Open Source Projects Can Now Conduct Bug Bounty Programs On HackerOne Platform For Free

On the last Thursday, the HackerOne has announced the availability of a free version of their bug bounty platform named HackerOne Community Edition which will allow the open source projets tools for managing their vulnerability submissions and also creating bounty programs to further improve their software security.

According to the company, all the eligible open source projects will receive HackerOne Professional subscription service for free. This will provide them vulnerability submission coordination, which is a deduplication service and bounty programs for projects. HackerOne said they will still charge their usual 20 percent payment processing fee on all the cash bounties paid to the bug bounty hunters.

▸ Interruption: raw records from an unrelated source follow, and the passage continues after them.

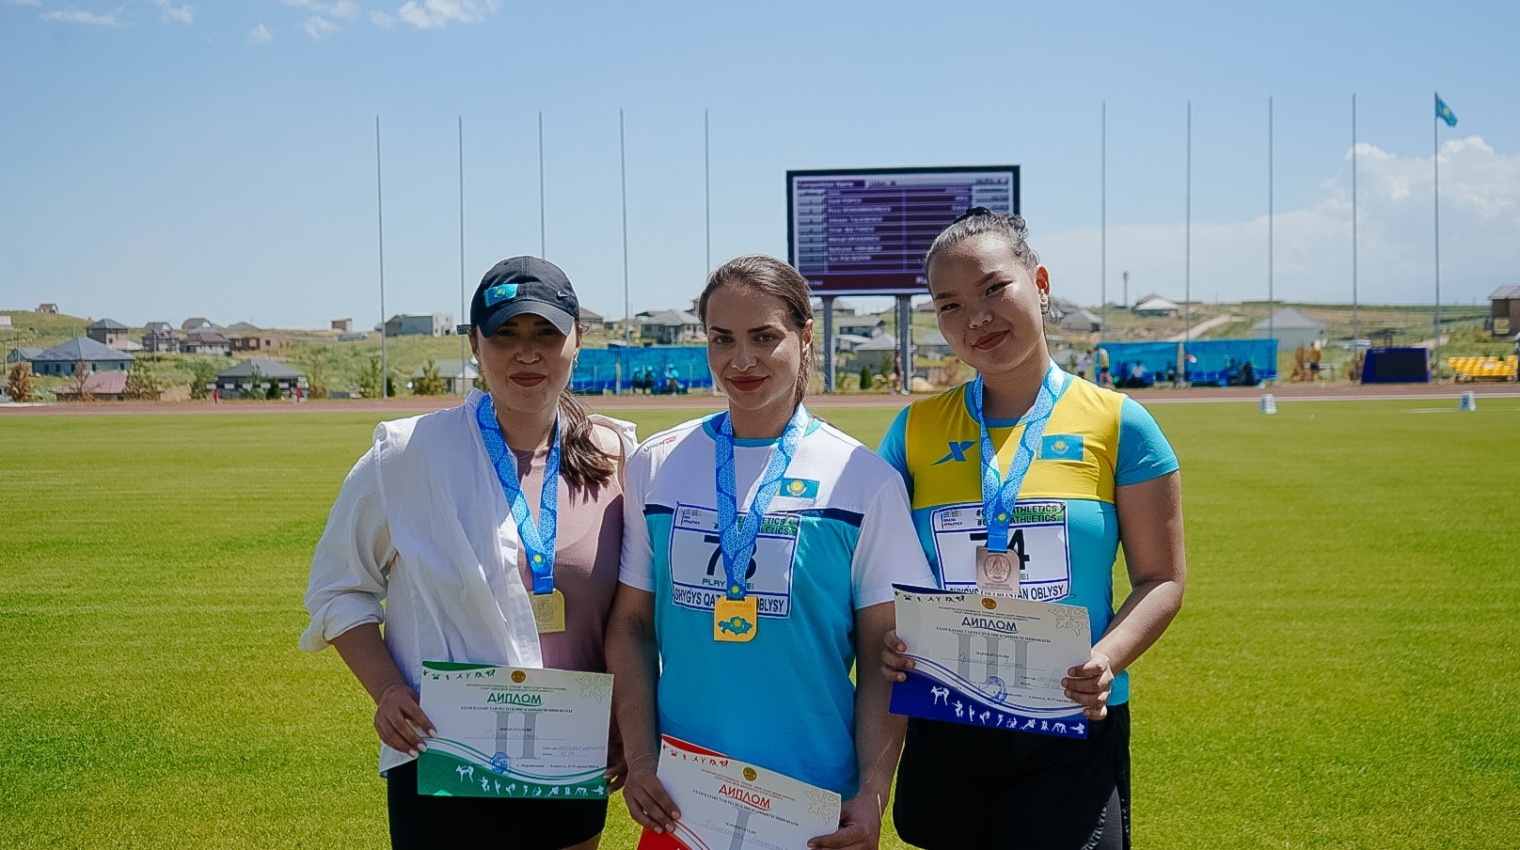 С 11 по 13 июня в Алматы прошел XXXII Чемпионат Республики Казахстан по легкой атлетике
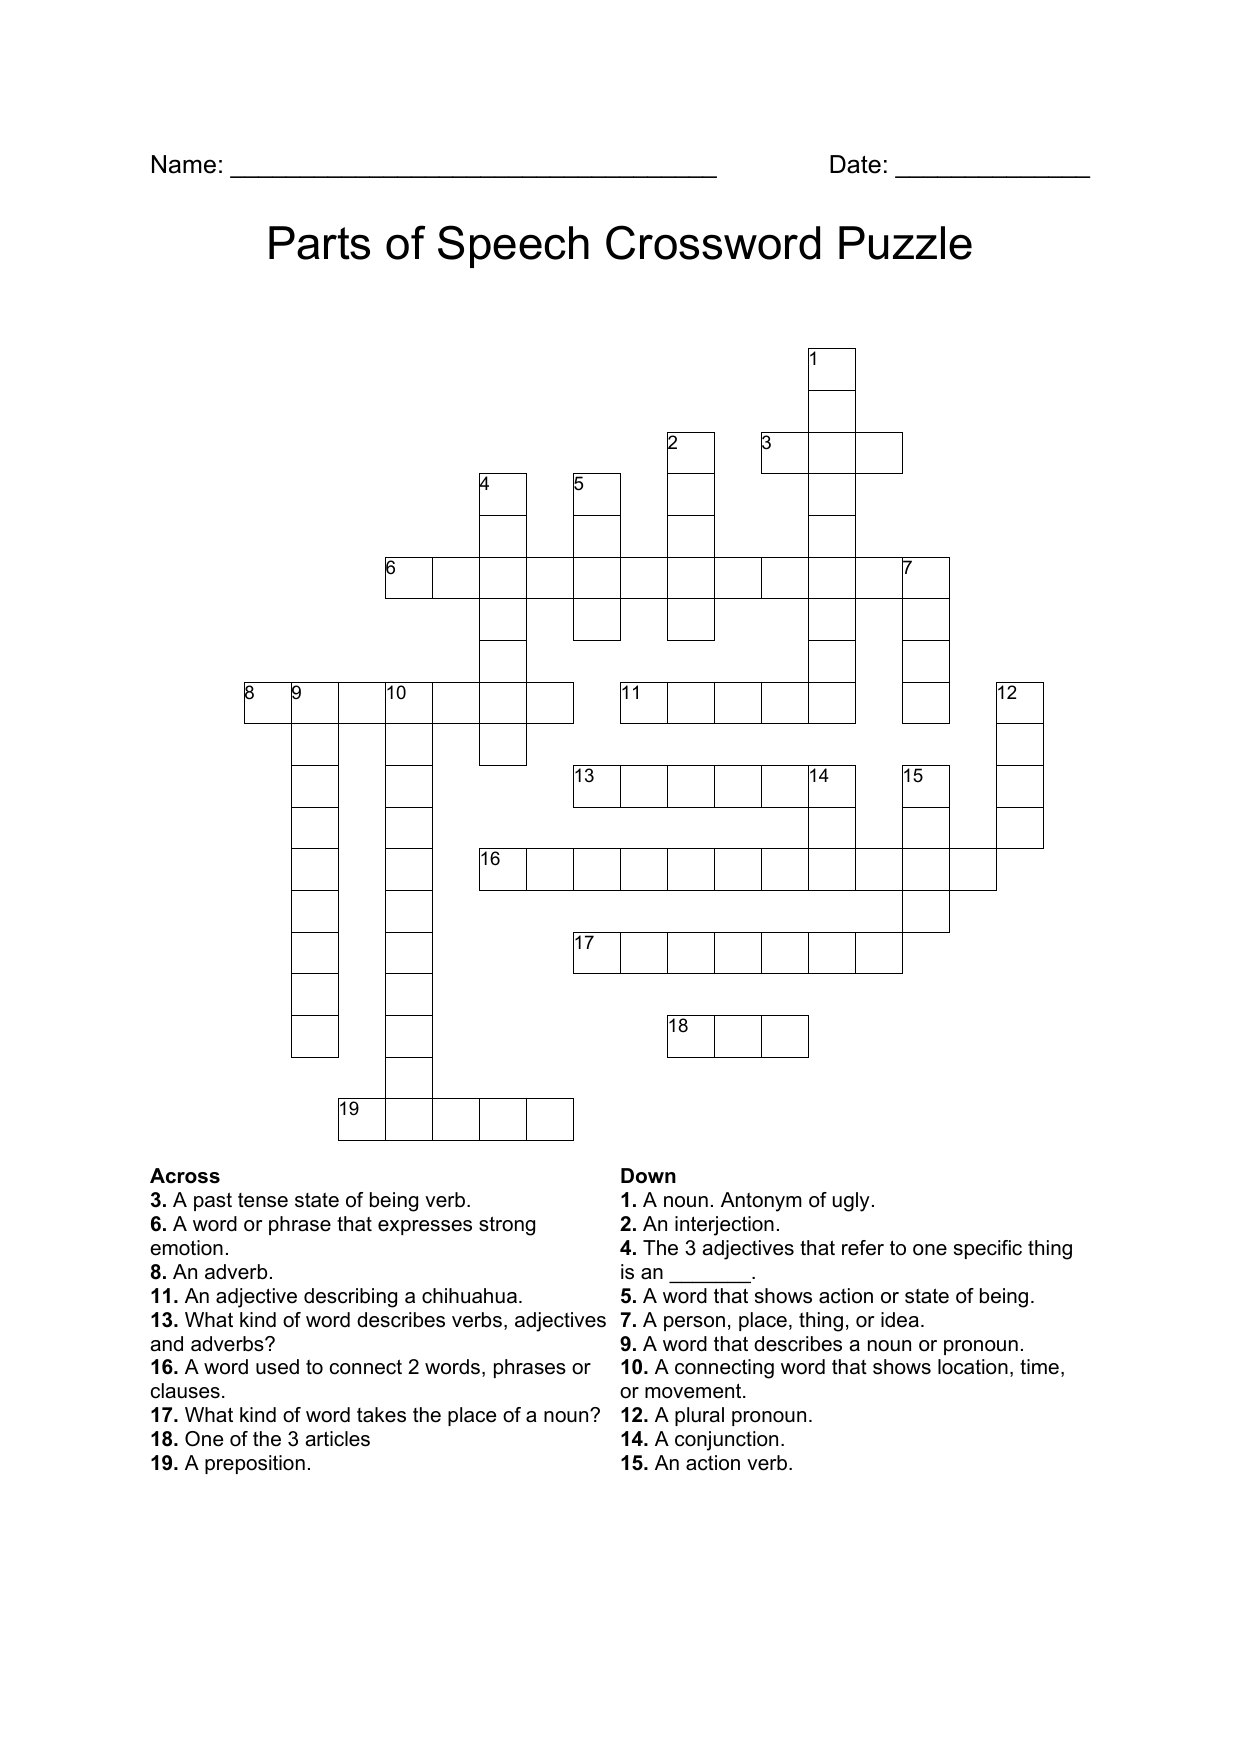 make an impromptu speech crossword clue
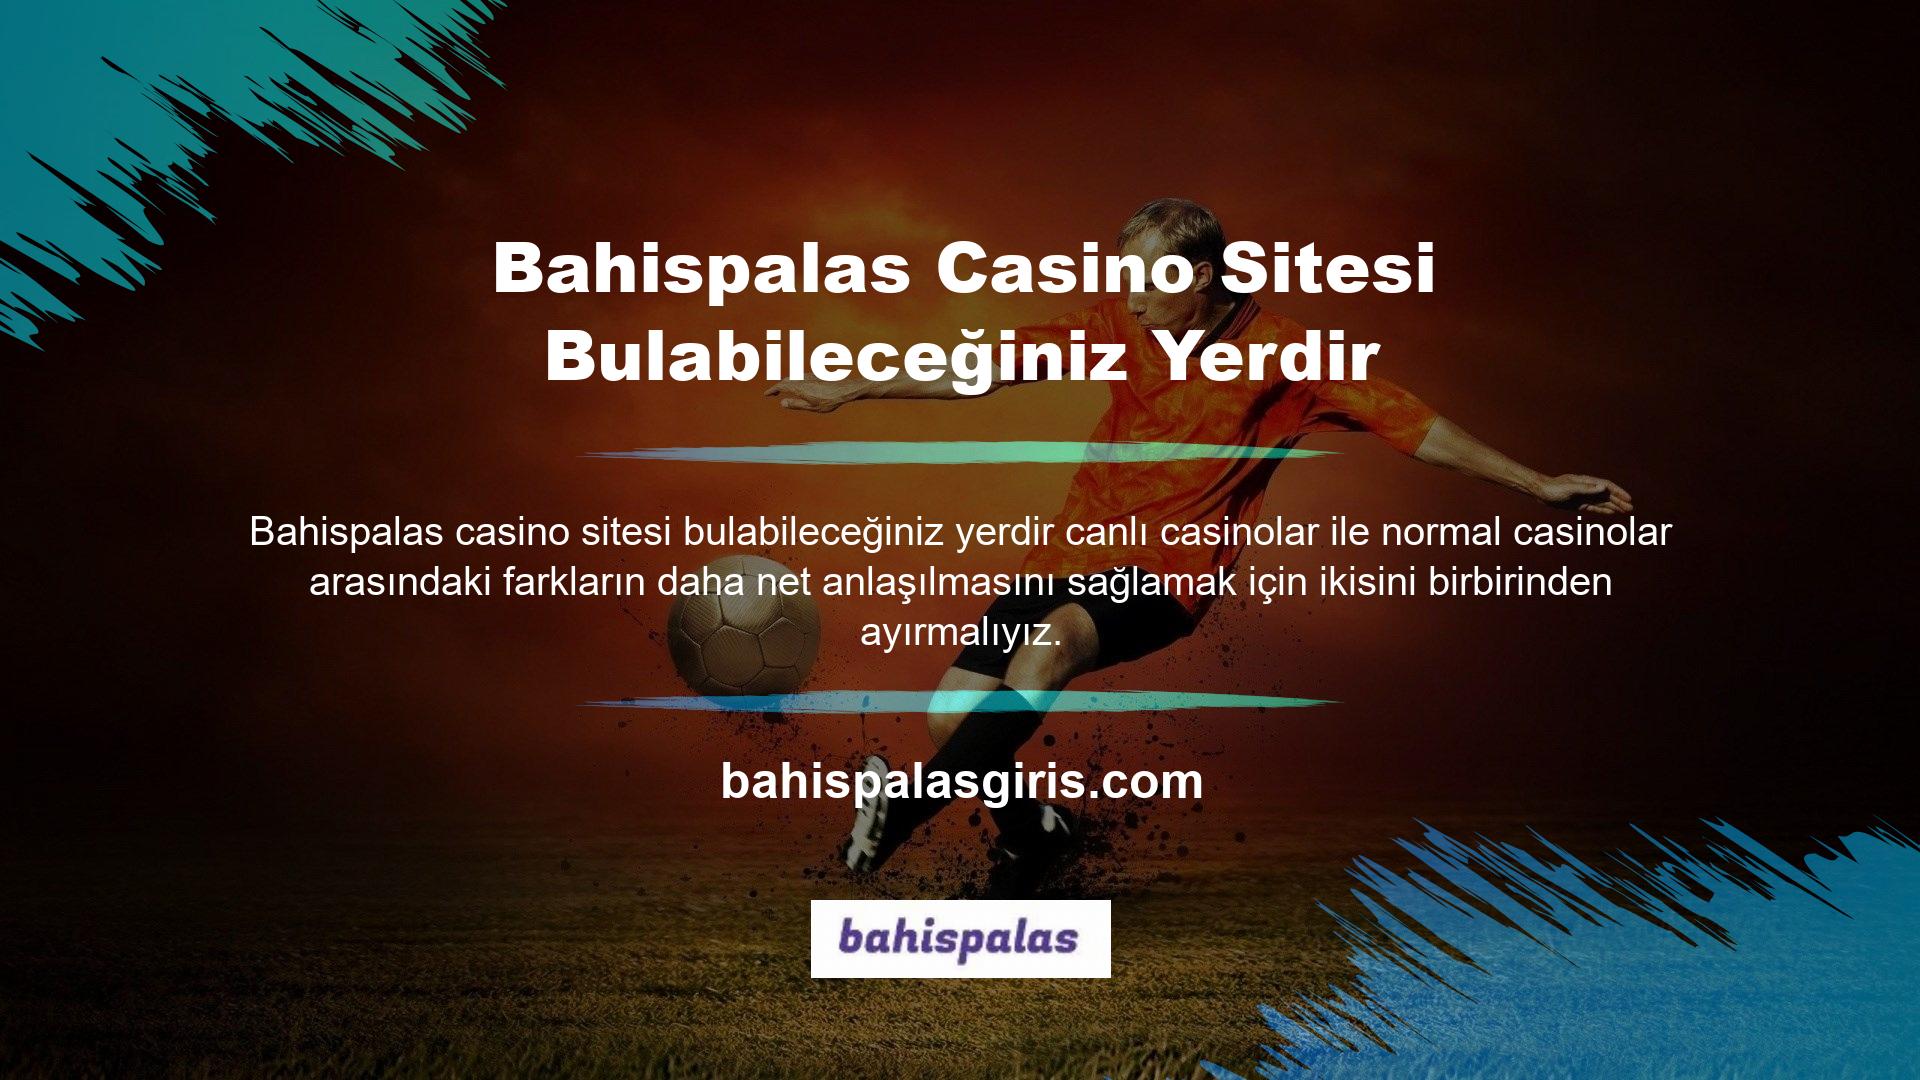 Klasik casino oyunu bilgisayarı içerir ve oyuncular Bahispalas casino sitesinde heyecan verici video oyunları oynayarak kazanabilir veya kaybedebilirler

The CEO of HackerOne, Marten Mickos spoke to the threatpost through an email statement that the program was the first of its kind. He said that HackerOne aims to ensure that open-source projects received a great support when it comes to running simple, productive and efficient security programs.

“Our company, product, and approach is inspired by, built-on, and also driven by open source and a culture of the collaborative software development,” says HackerOne. “We want to give something back.”

HackerOne is connecting businesses with the security researchers to help them find software vulnerabilities since it was founded back in 2012. It has ben a great platform form for companies for both public and private bounties, including Kaspersky Lab, Microsoft, Twitter, Adobe, and Facebook. On Thursday, the Rockstar Games became the latest company to announce a public bounty program.

HackerOne said it recognises that open source underpins many products and services and said it was compelled to offer the HackerOne Professional subscription for free. The company said currently 36 open source projects use its platform and more than 1,200 vulnerabilities have been resolved in projects, including Ruby, Rails, Discourse, Django, GitLab, Brave, and Sentry.